Tienes un Trafo toroidal con tap central según tus mediciones de 30V 0 30V, en el mismo trafo trae las especificaciones, también necesitas saber cuanta corriente entrega que a lo máximo estaría en 4Amperios, la fuente DC estaría comprendida entre unos ±40V a ±42V DC.

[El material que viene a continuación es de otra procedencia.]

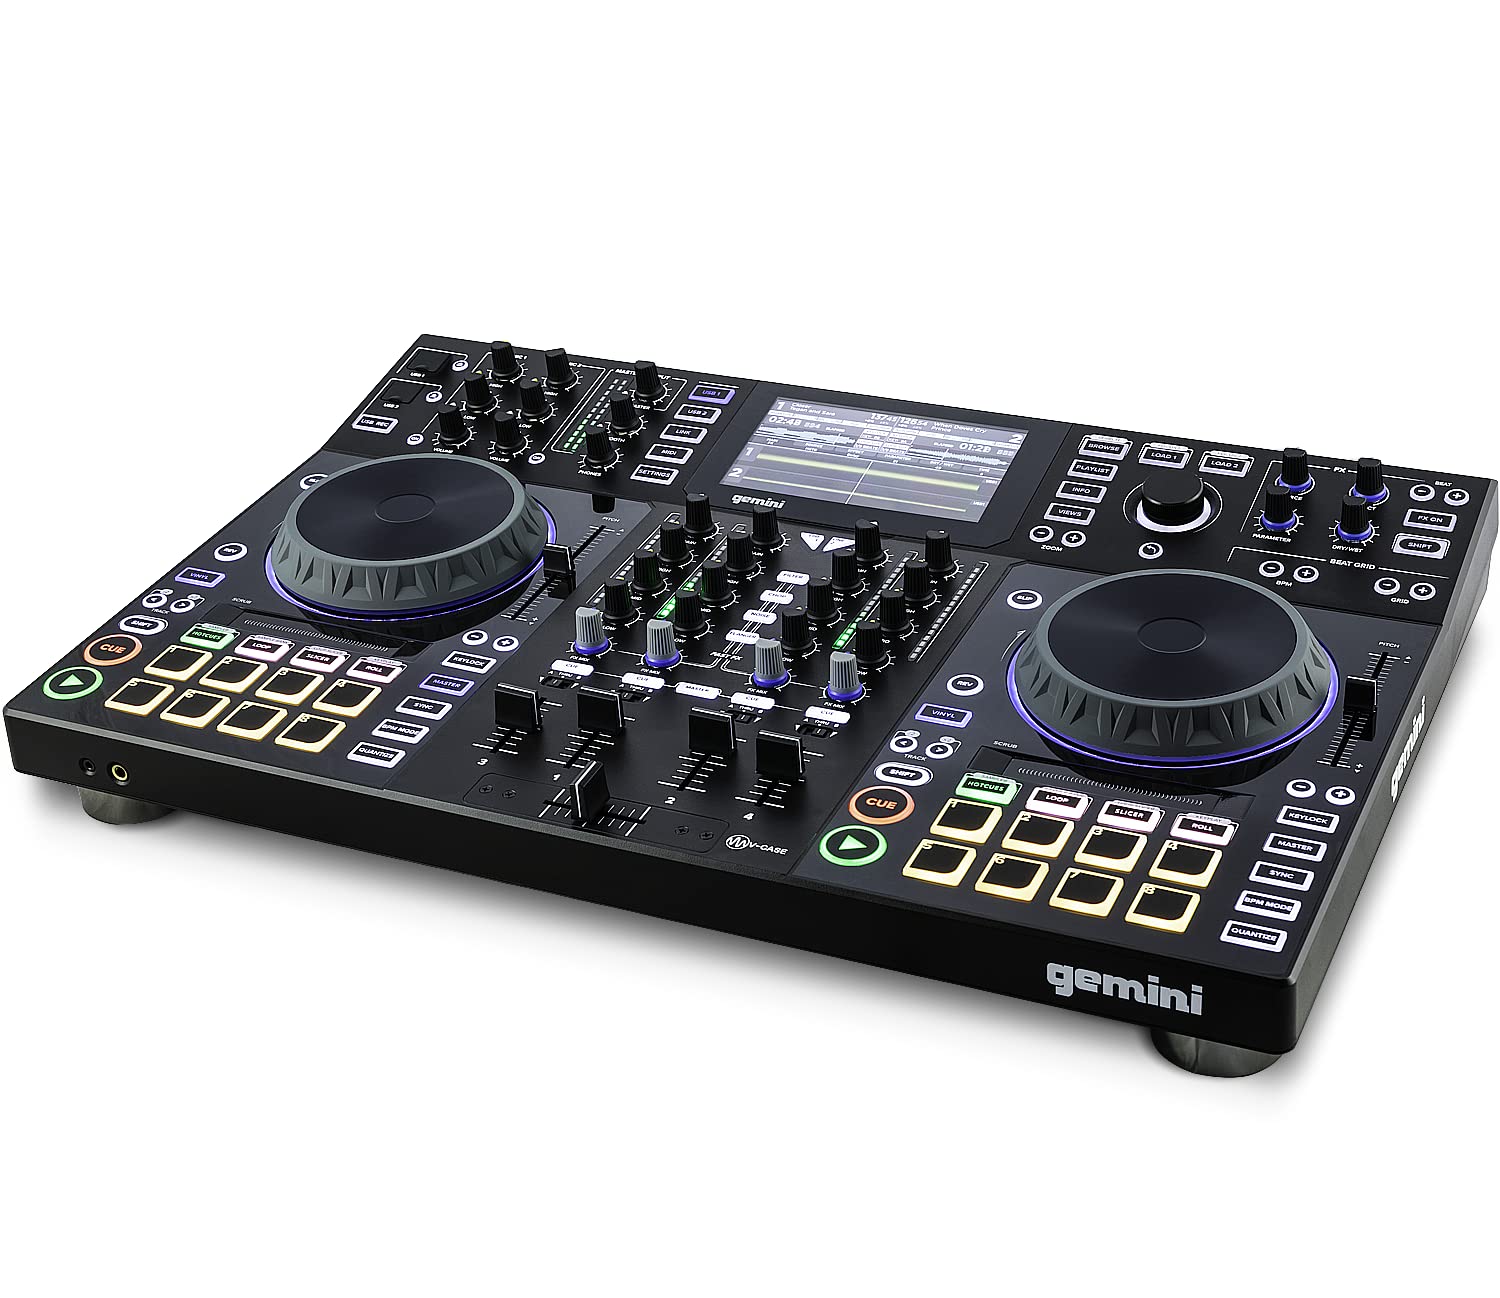 DJ equipment or DJ mixer

Bueno tu duda es como haces para obtener mas potencia, la única forma y las mas viable, es usar el Trafo y si su fuente esta en el rango que te menciono, el amplificador ya tendrías que cambiarlo, con lo demás que te queda... puedes montar un amplificador estéreo máximo de 200W con 4 transistores complementarios y para ese tipo de consolas chinas tener 200W es buena potencia, el Trafo y corriente de este mismo no te da mas para potencias superiores a los 200W.

Si deseas construir un amplificador con mas potencia necesitaras un trafo de mas corriente y voltaje.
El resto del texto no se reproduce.